When I first started using XR Blocks, I had a couple of simple questions: How far can this tool actually take an idea? Could it be used for quick ideation without immediately dropping into a more traditional XR workflow?
After spending time with it, two things become clear from the outset:
- XR Blocks is a real step forward for XR ideation, but it is still best understood as an early-stage grey-boxing tool rather than a full XR demo builder.
- For quick, simple ideation, it can be useful. For anything expecting polish, reliability, or depth, expectations can drift away from reality pretty quickly.
That does not make it uninteresting. It just means it needs to be framed correctly.
(For future reference, every project referenced or prompt given to Gemini was sent with setting Gemini’s model usage to “Pro” described as “Advanced math and code with 3.1 Pro”)

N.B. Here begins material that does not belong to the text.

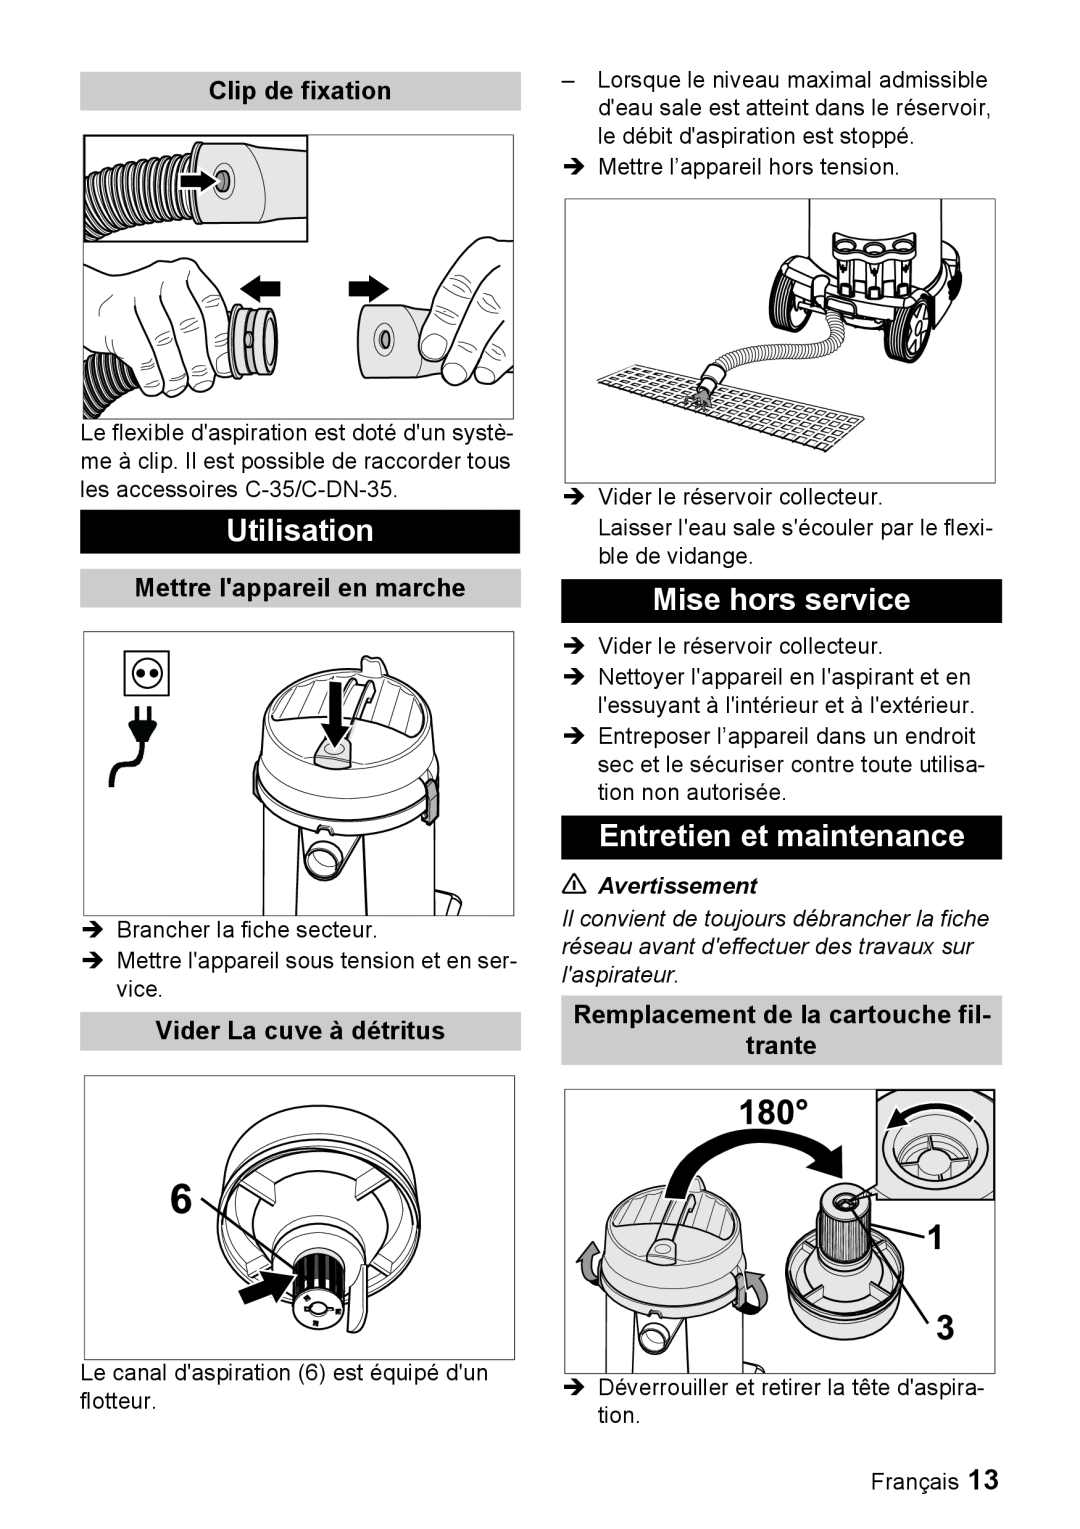 Windsor 12 manual Utilisation, Mise hors service, Entretien et maintenance, Clip de fixation, Mettre lappareil en marche

Fast Starts, Rough Results
One of the most promising things about XR Blocks is how quickly it can begin turning an idea into something spatial. In one test, after a detailed prompt failed entirely after about 10 minutes with no meaningful status updates, a more compact version began reasoning within seconds, started describing the need less than a minute later, and moved into code generation shortly after that. Within about a minute and a half, the code was executing in the simulator.
That timing does matter. Getting from a blank page to something is often the hardest part of early ideation, and XR Blocks can help close that gap.
The tradeoff is that the resulting environment is generally grey-boxed. Shapes are primitive, layouts are rough, and the emphasis is on general composition rather than polished presentation. In that sense, XR Blocks behaves much more like a blockout or grey-boxing tool than a finished-world generator.

This isn’t necessarily a weakness—blockouts are a common and valuable part of traditional game and XR development, and that’s where much of XR Blocks’ immediate value lies. However, when presenting grey-boxed environments in ideation sessions, it’s important to reinforce that they don’t represent the final product.
XR Blocks can also support imported 3D models, but results depend on assets being formatted as expected. While documentation mentions support for GLTF, GLB, and THREE.Object3D, in practice there are workflow constraints—files need to be directly accessible via public links, without redirects or viewer layers.
The main workaround is to break the Gemini-to-generated-page loop, download the generated code locally, and then manually update asset references in the HTML to point to local files before serving the experience through a simple local web server. That does work, but it is also a good example of where “supported” and “frictionless” are not always the same thing.
While you may see other demonstrations of XR Blocks showing full 3D models loading, remember the usable formatting and access requirements of those models either require direct internet hosting of the file, or hosting on a local web server for showing the WebXR view and providing the 3D files by import from the local machine. This isn’t to say that impressive looking results aren’t possible for XR Blocks, they very much are. There’s a bit more work involved, however, in getting it looking as professionally polished as that than just a few prompts in a Gemini chat box.
Useful for Ideation…
In practice, XR Blocks feels best suited for quick ideation. It can help creative teams visualize a space, test a rough layout, and explore whether an idea feels directionally right.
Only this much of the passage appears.